The sign of the correlation coefficient indicates the direction of the association. The magnitude of the correlation coefficient indicates the strength of the association.

For example, a correlation of r = 0.9 suggests a strong, positive association between two variables, whereas a correlation of r = -0.2 suggest a weak, negative association. A correlation close to zero suggests no linear association between two continuous variables.

It is important to note that there may be a non-linear association between two continuous variables, but computation of a correlation coefficient does not detect this. Therefore, it is always important to evaluate the data carefully before computing a correlation coefficient.

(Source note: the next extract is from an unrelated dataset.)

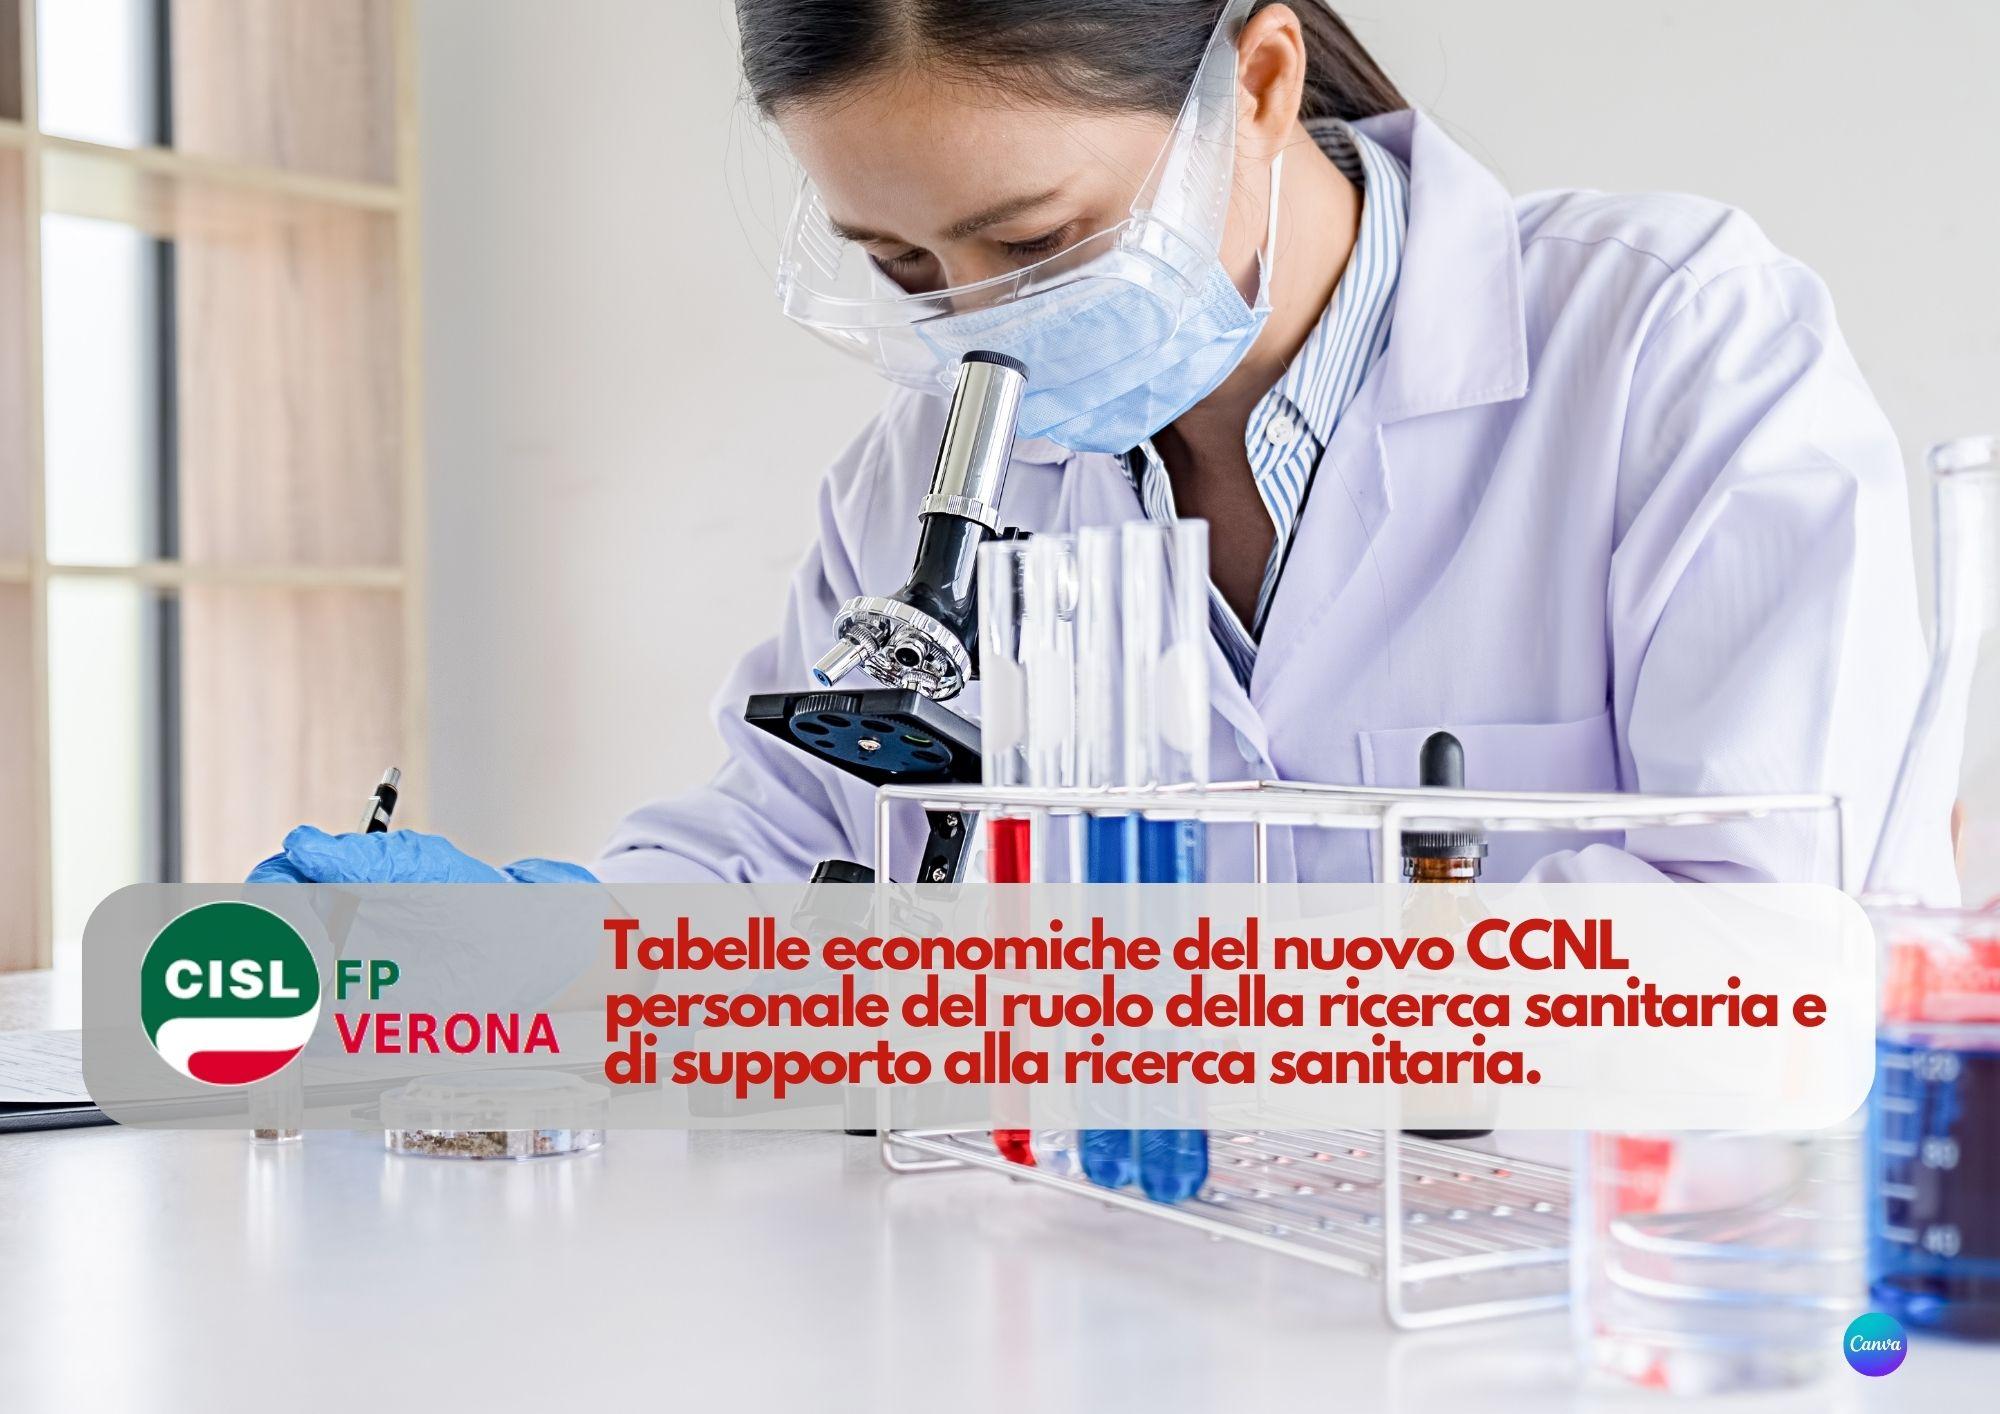 CISL FP Verona. Nuovo CCNL personale ruolo ricerca sanitaria e supporto. Tabelle economiche

Graphical displays are particularly useful to explore associations between variables.

The figure below shows four hypothetical scenarios in which one continuous variable is plotted along the X-axis and the other along the Y-axis.

- Scenario 1 depicts a strong positive association (r=0.9), similar to what we might see for the correlation between infant birth weight and birth length.
- Scenario 2 depicts a weaker association (r=0,2) that we might expect to see between age and body mass index (which tends to increase with age).
- Scenario 3 might depict the lack of association (r approximately = 0) between the extent of media exposure in adolescence and age at which adolescents initiate sexual activity.
- Scenario 4 might depict the strong negative association (r= -0.9) generally observed between the number of hours of aerobic exercise per week and percent body fat.

## Example - Correlation of Gestational Age and Birth Weight

A small study is conducted involving 17 infants to investigate the association between gestational age at birth, measured in weeks, and birth weight, measured in grams.

Infant ID # |
Gestational Age (weeks) |
Birth Weight (grams) |
---|---|---|

1 |
34.7 |
1895 |

2 |
36.0 |
2030 |

3 |
29.3 |
1440 |

4 |
40.1 |
2835 |

5 |
35.7 |
3090 |

6 |
42.4 |
3827 |

7 |
40.3 |
3260 |

8 |
37.3 |
2690 |

9 |
40.9 |
3285 |

10 |
38.3 |
2920 |

11 |
38.5 |
3430 |

12 |
41.4 |
3657 |

13 |
39.7 |
3685 |

14 |
39.7 |
3345 |

15 |
41.1 |
3260 |

16 |
38.0 |
2680 |

17 |
38.7 |
2005 |

We wish to estimate the association between gestational age and infant birth weight. In this example, birth weight is the dependent variable and gestational age is the independent variable. Thus y=birth weight and x=gestational age. The data are displayed in a scatter diagram in the figure below.

Each point represents an (x,y) pair (in this case the gestational age, measured in weeks, and the birth weight, measured in grams). Note that the independent variable, gestational age) is on the horizontal axis (or X-axis), and the dependent variable (birth weight) is on the vertical axis (or Y-axis). The scatter plot shows a positive or direct association between gestational age and birth weight. Infants with shorter gestational ages are more likely to be born with lower weights and infants with longer gestational ages are more likely to be born with higher weights.